Dataset excerpt:
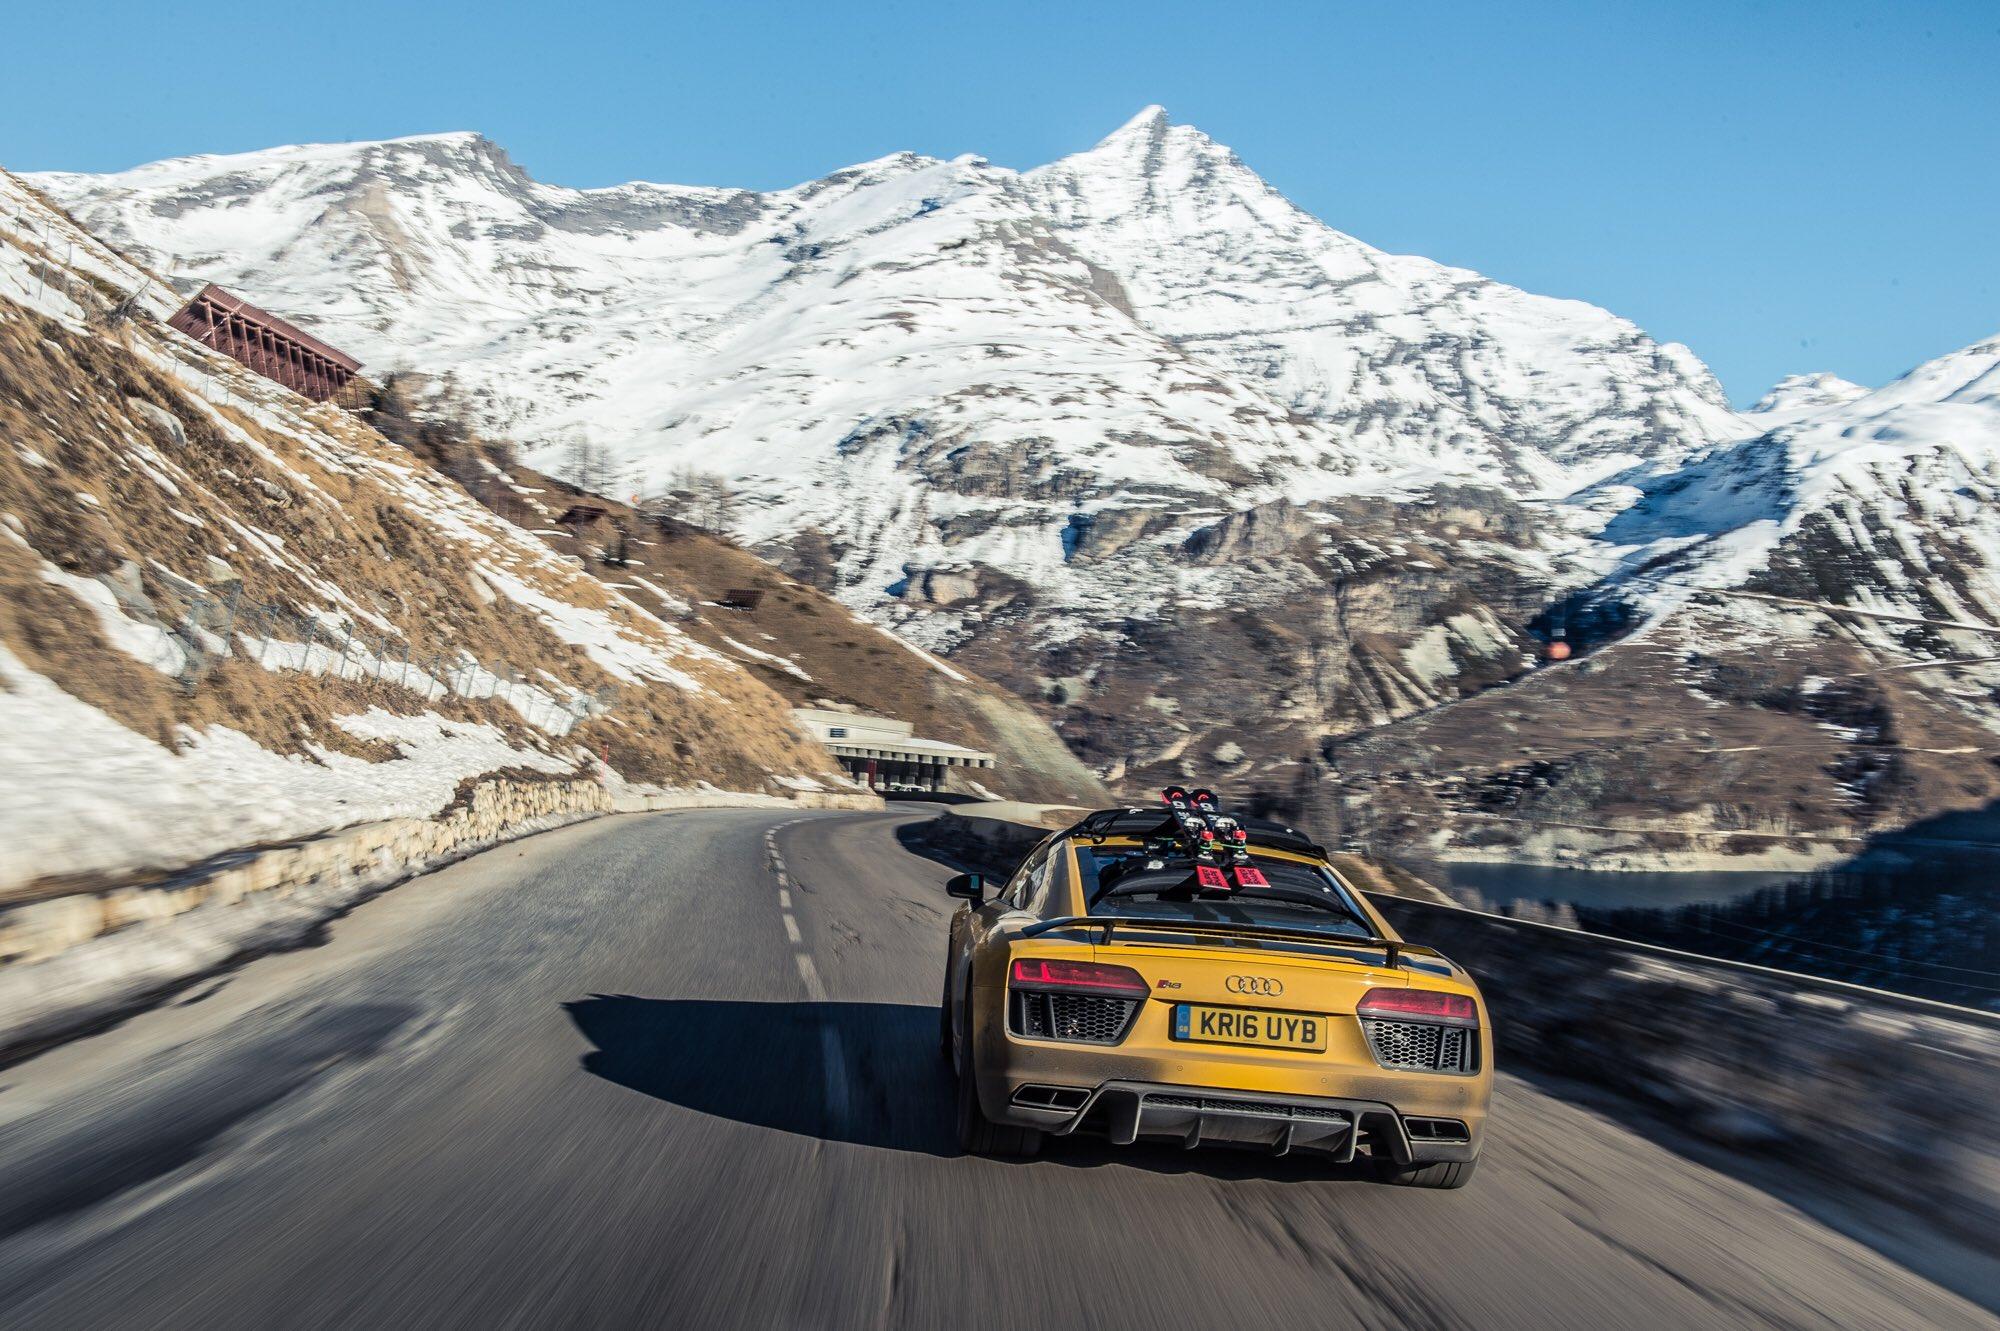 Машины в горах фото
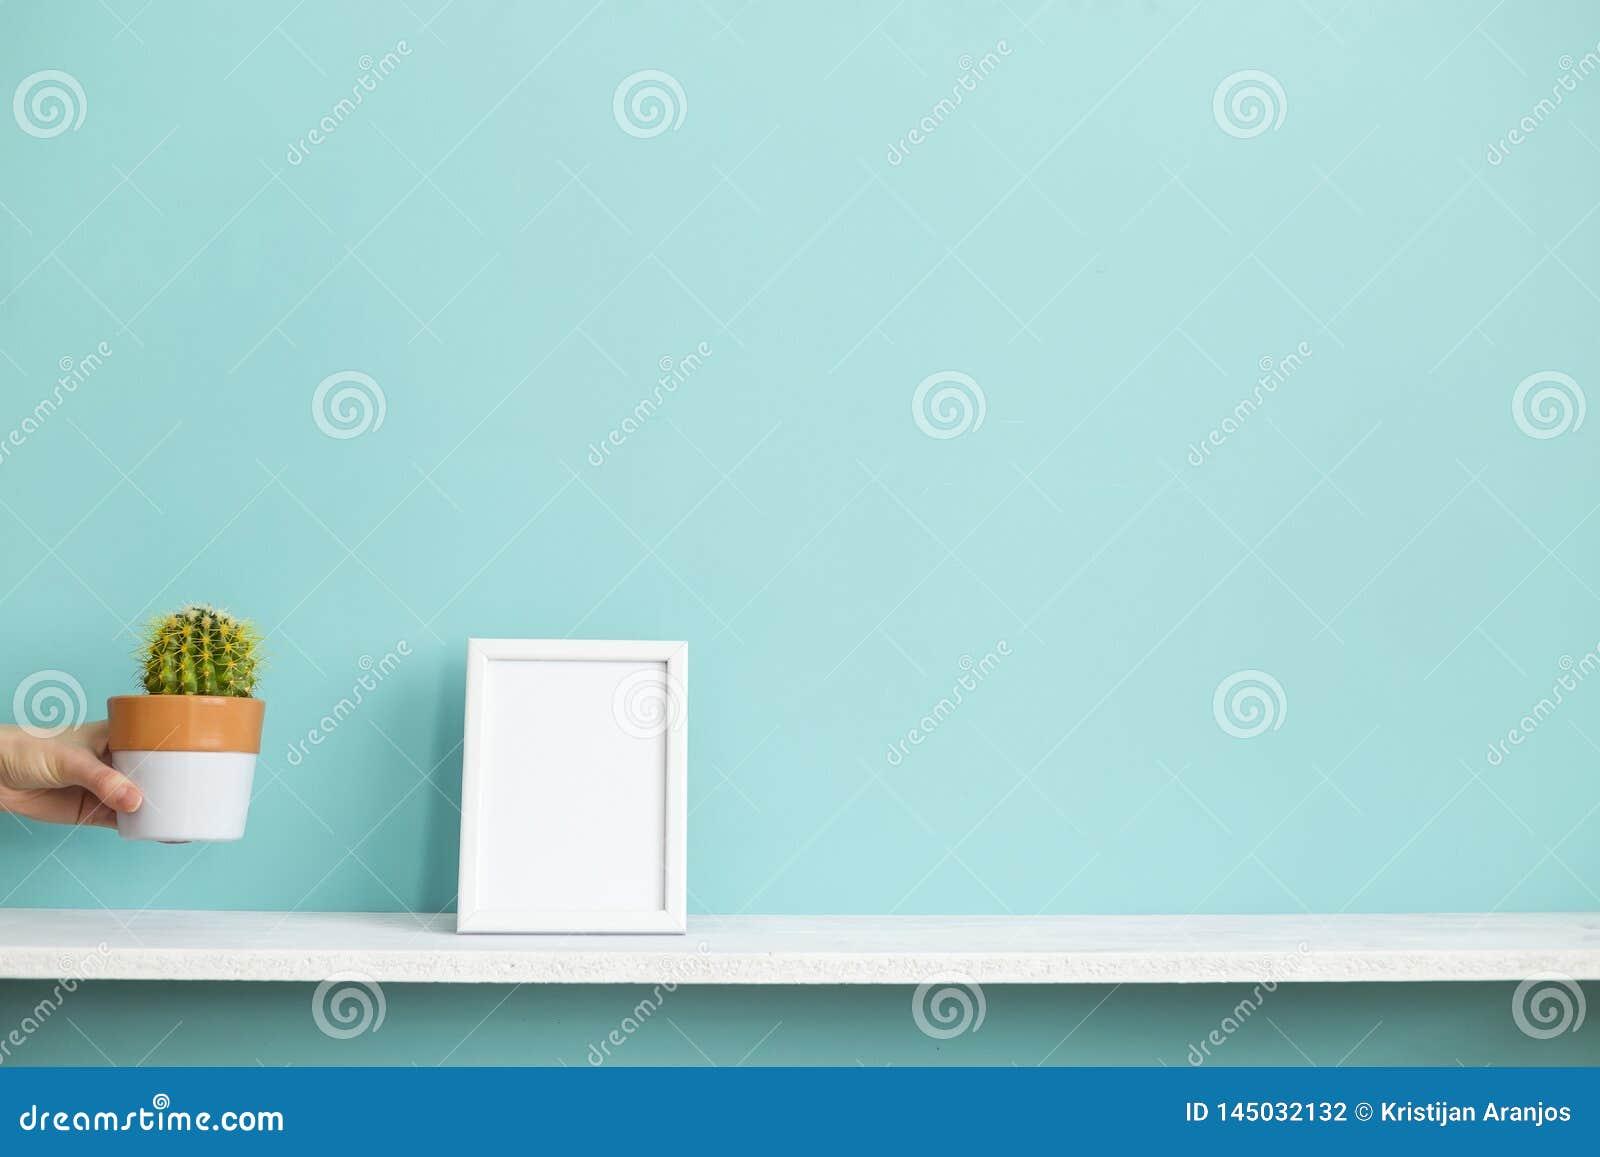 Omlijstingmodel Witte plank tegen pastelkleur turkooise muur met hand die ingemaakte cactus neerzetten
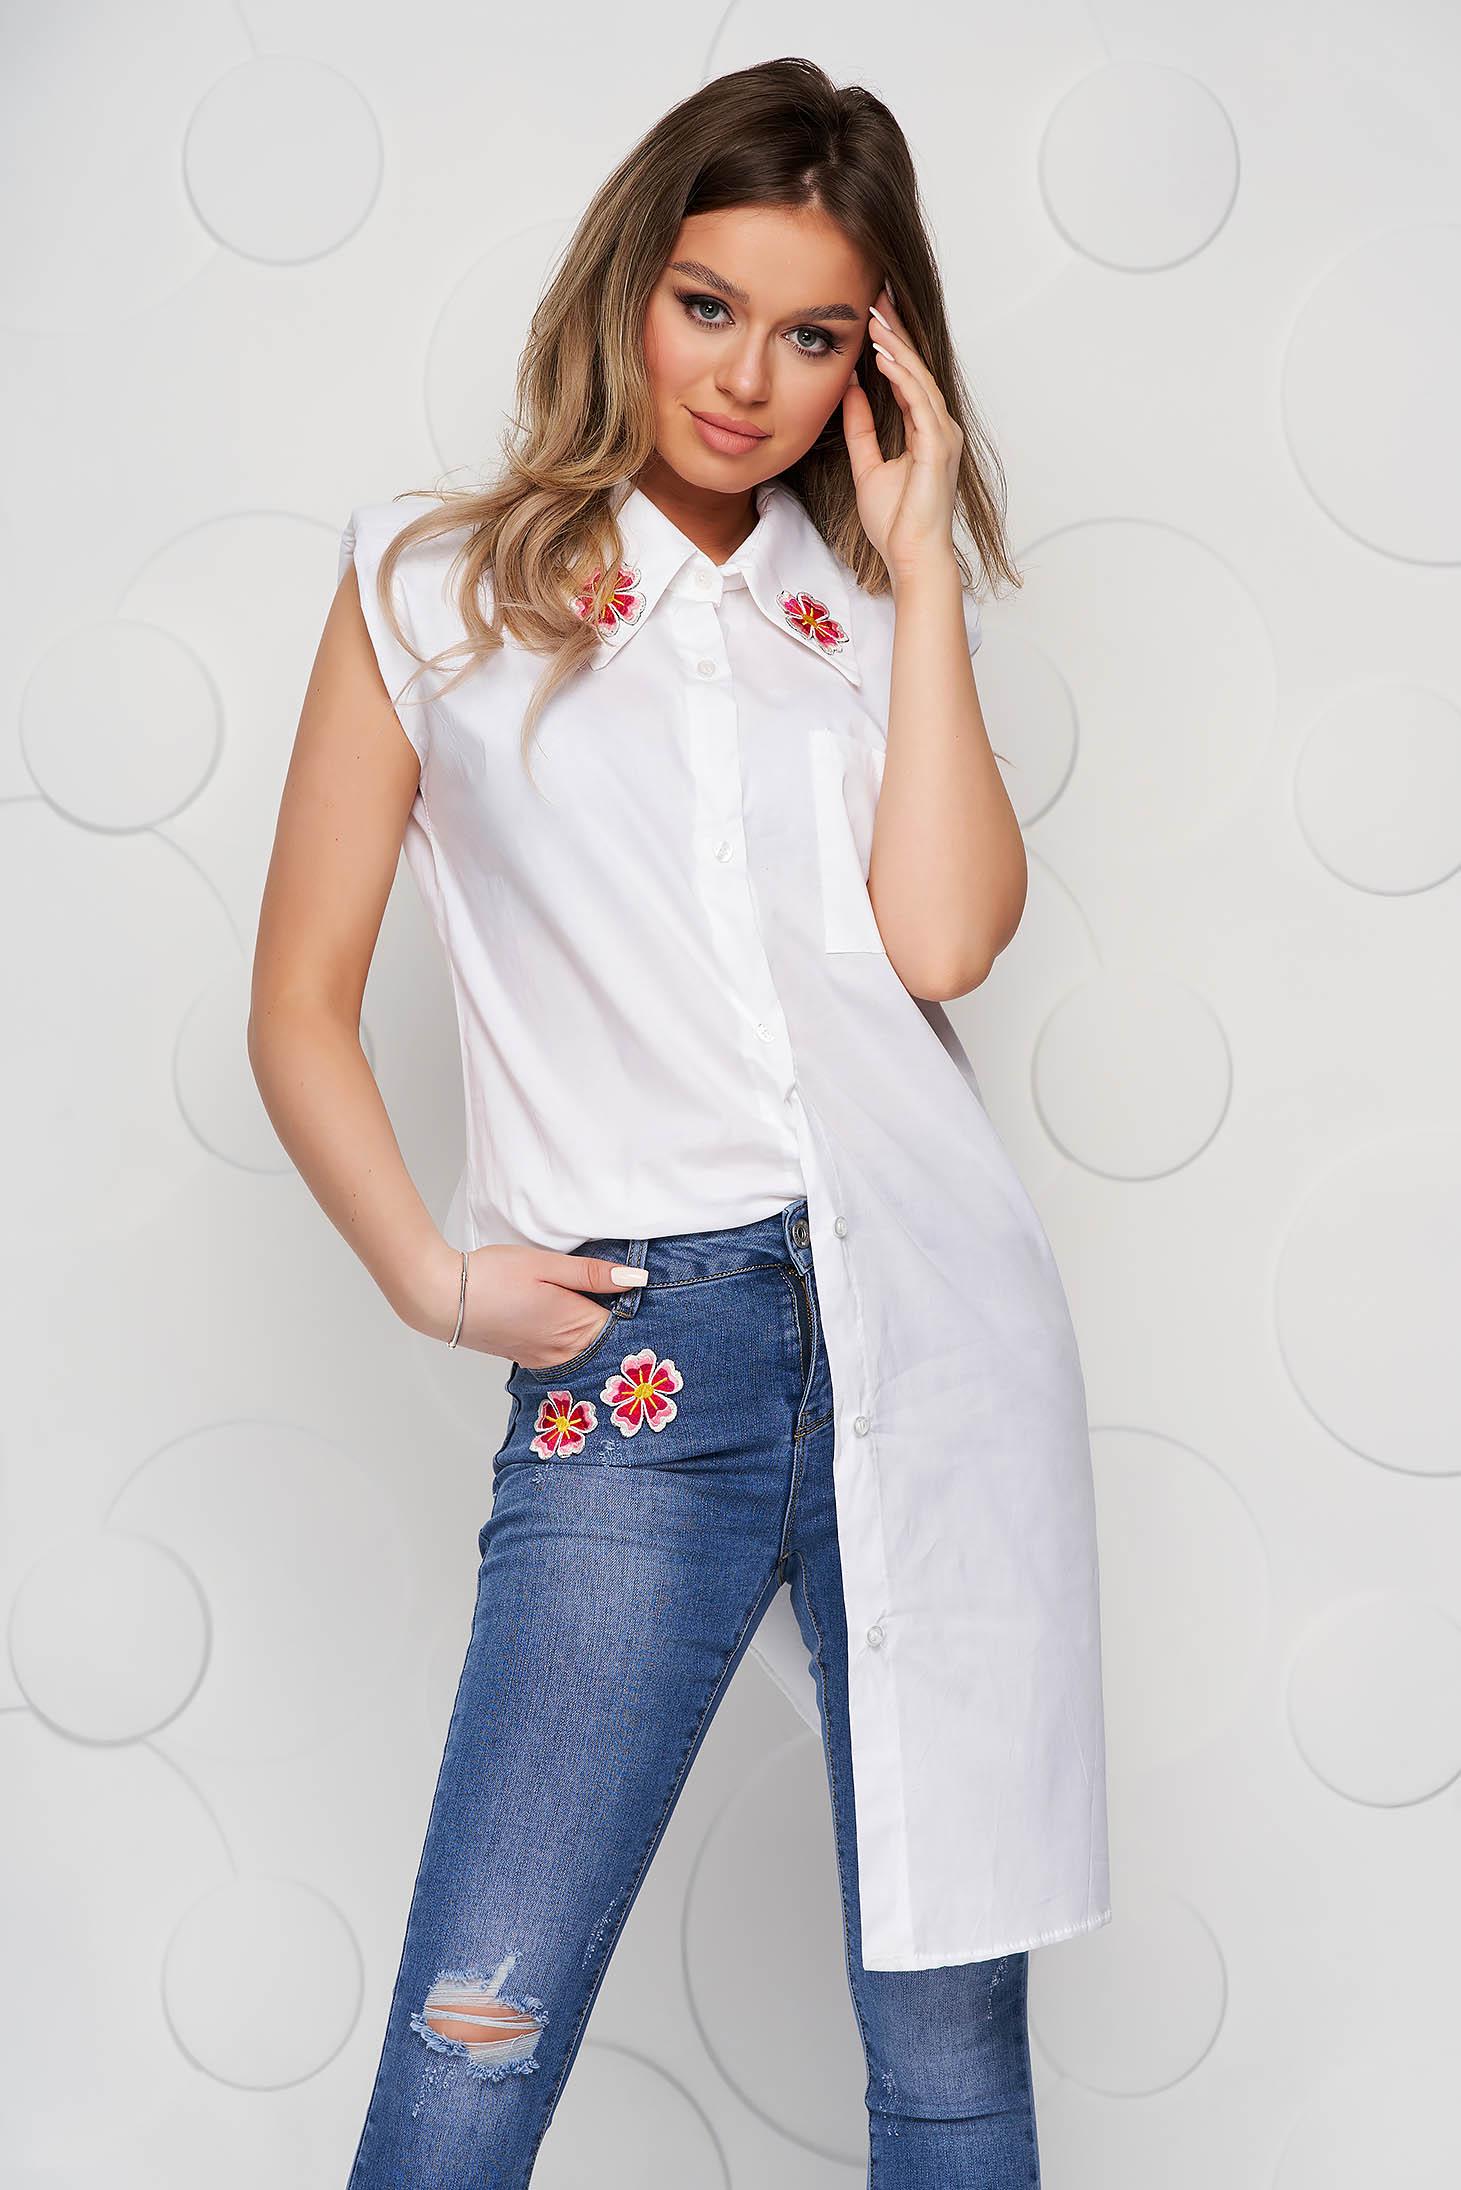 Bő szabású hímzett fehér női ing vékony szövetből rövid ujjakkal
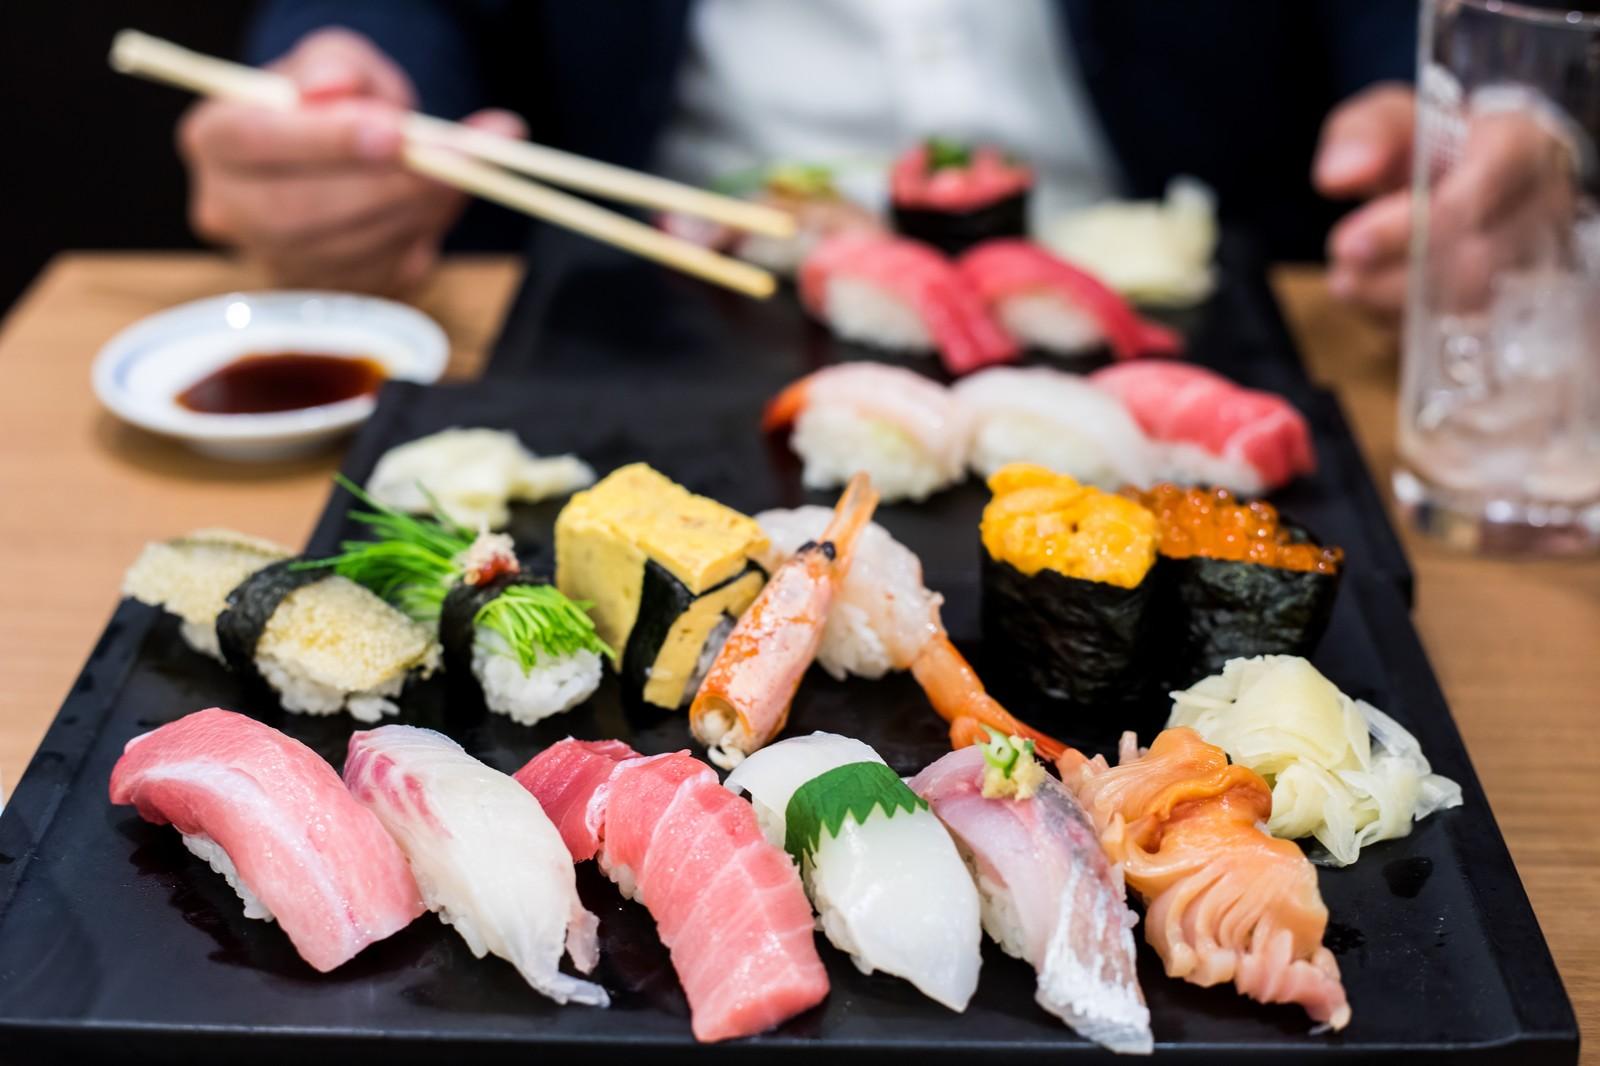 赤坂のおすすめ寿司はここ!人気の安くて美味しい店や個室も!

Work request:
Write out every line of the listing exactly as written, and leave the pictures out.

Result of this exercise:
 Машины в горах фото
 Omlijstingmodel Witte plank tegen pastelkleur turkooise muur met hand die ingemaakte cactus neerzetten
 Bő szabású hímzett fehér női ing vékony szövetből rövid ujjakkal
 赤坂のおすすめ寿司はここ!人気の安くて美味しい店や個室も!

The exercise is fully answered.